Source data:
= = = =

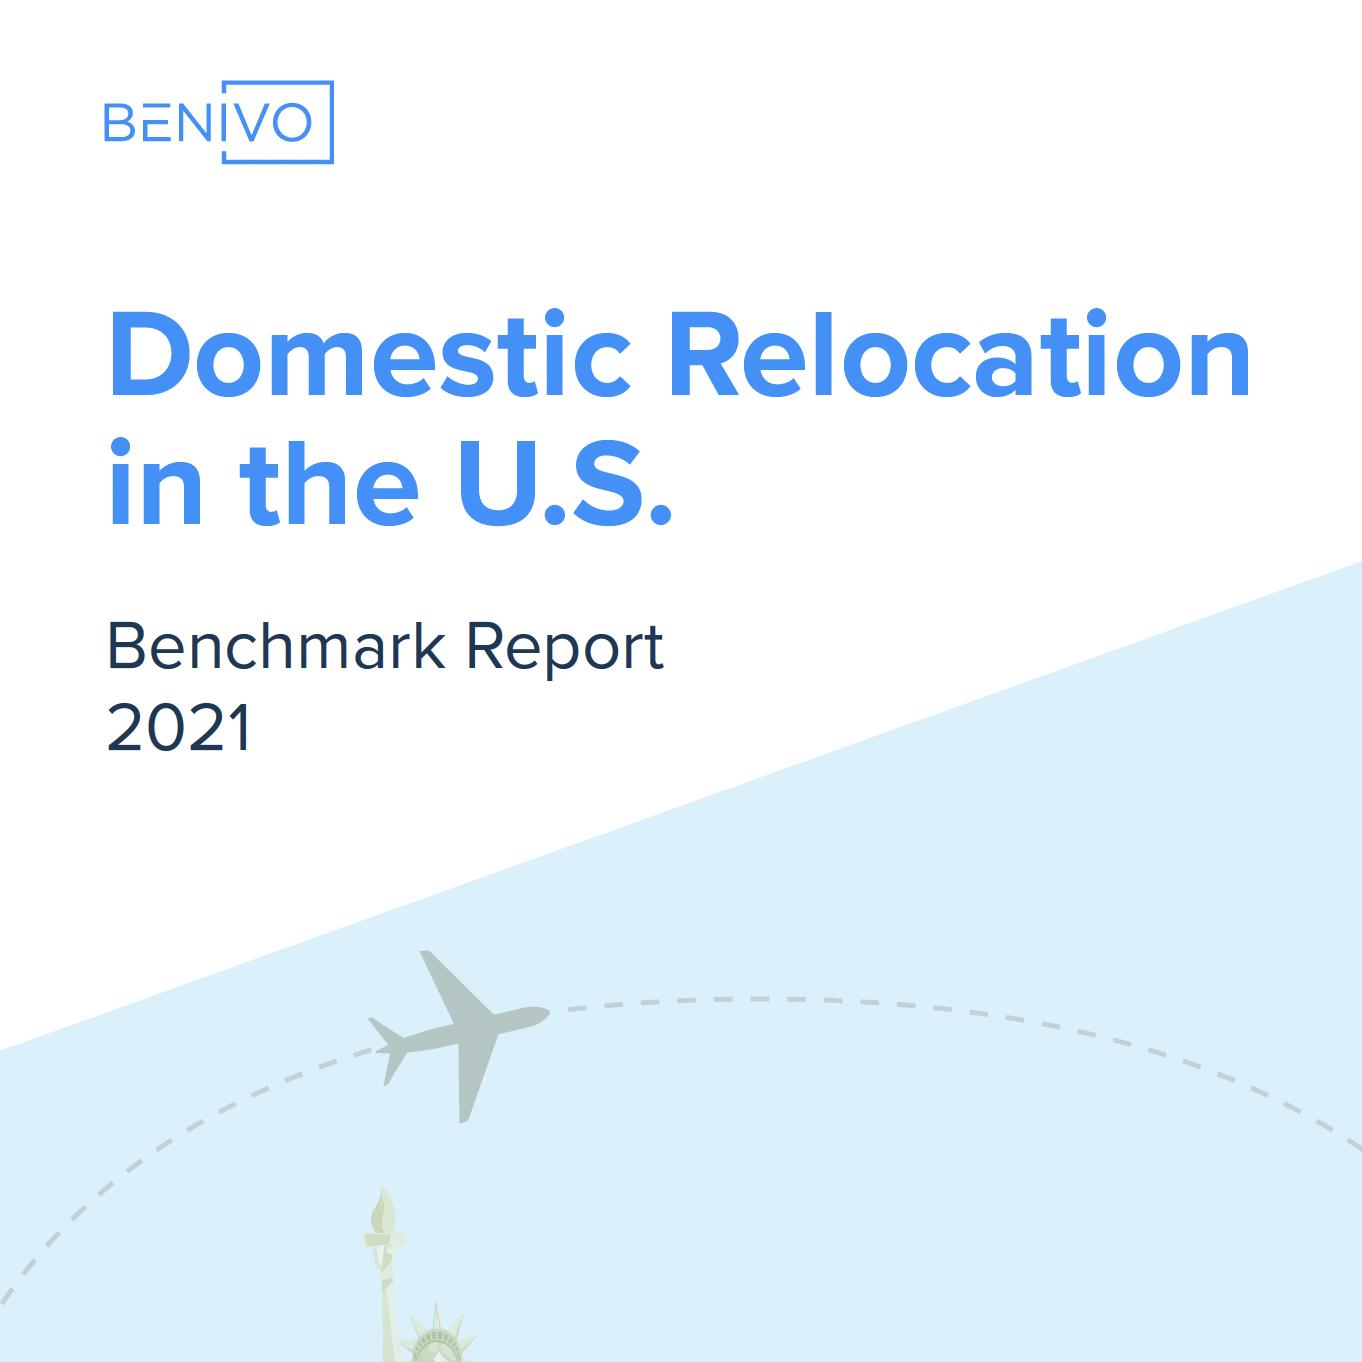 U.S.A. Domestic Relocation
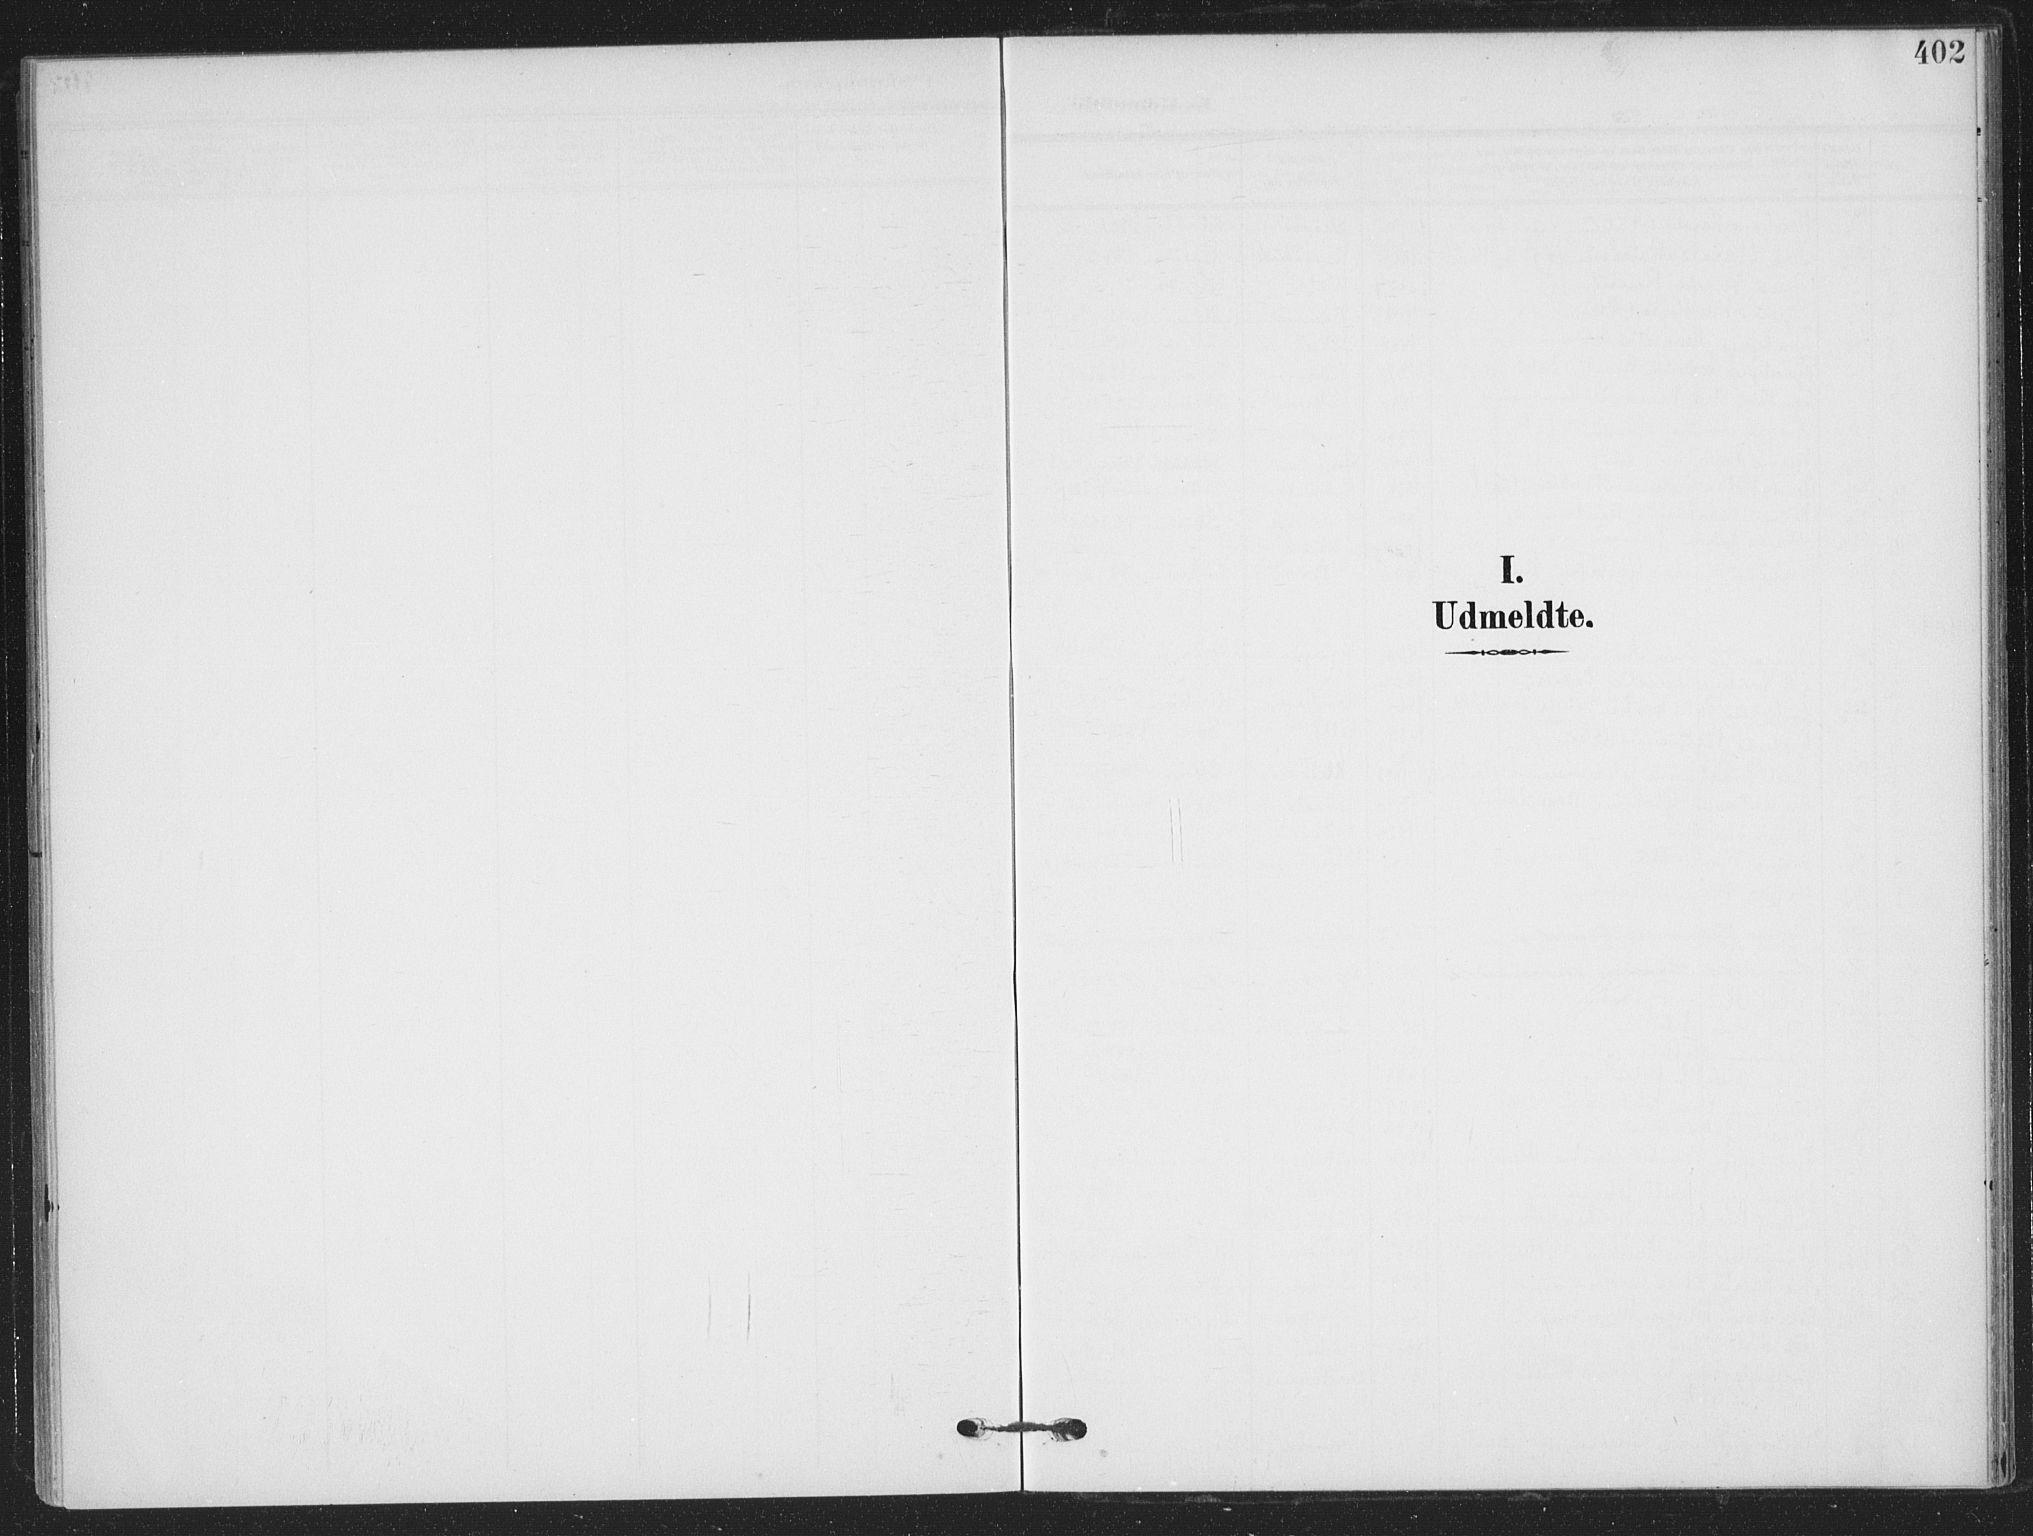 SAKO, Skien kirkebøker, F/Fa/L0012: Ministerialbok nr. 12, 1908-1914, s. 402
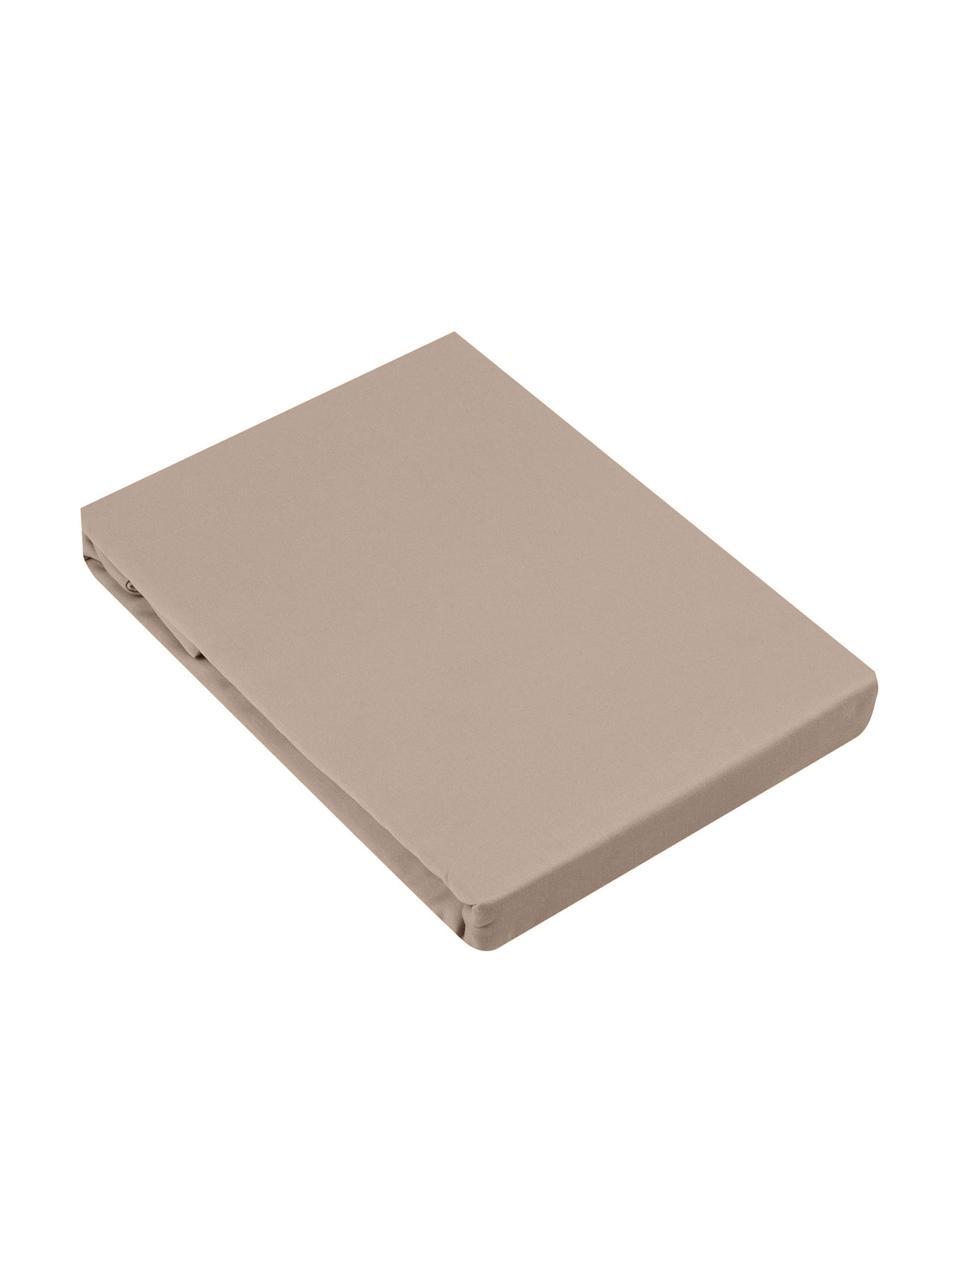 Spannbettlaken Comfort in Taupe, Baumwollsatin, Webart: Satin, leicht glänzend, Taupe, 180 x 200 cm

= = = =

What the task asks: Leaving the pictures out, output each line of the listing exactly.

Solution to this problem:
 U.S.A. Domestic Relocation
 SAKO, Skien kirkebøker, F/Fa/L0012: Ministerialbok nr. 12, 1908-1914, s. 402
 Spannbettlaken Comfort in Taupe, Baumwollsatin, Webart: Satin, leicht glänzend, Taupe, 180 x 200 cm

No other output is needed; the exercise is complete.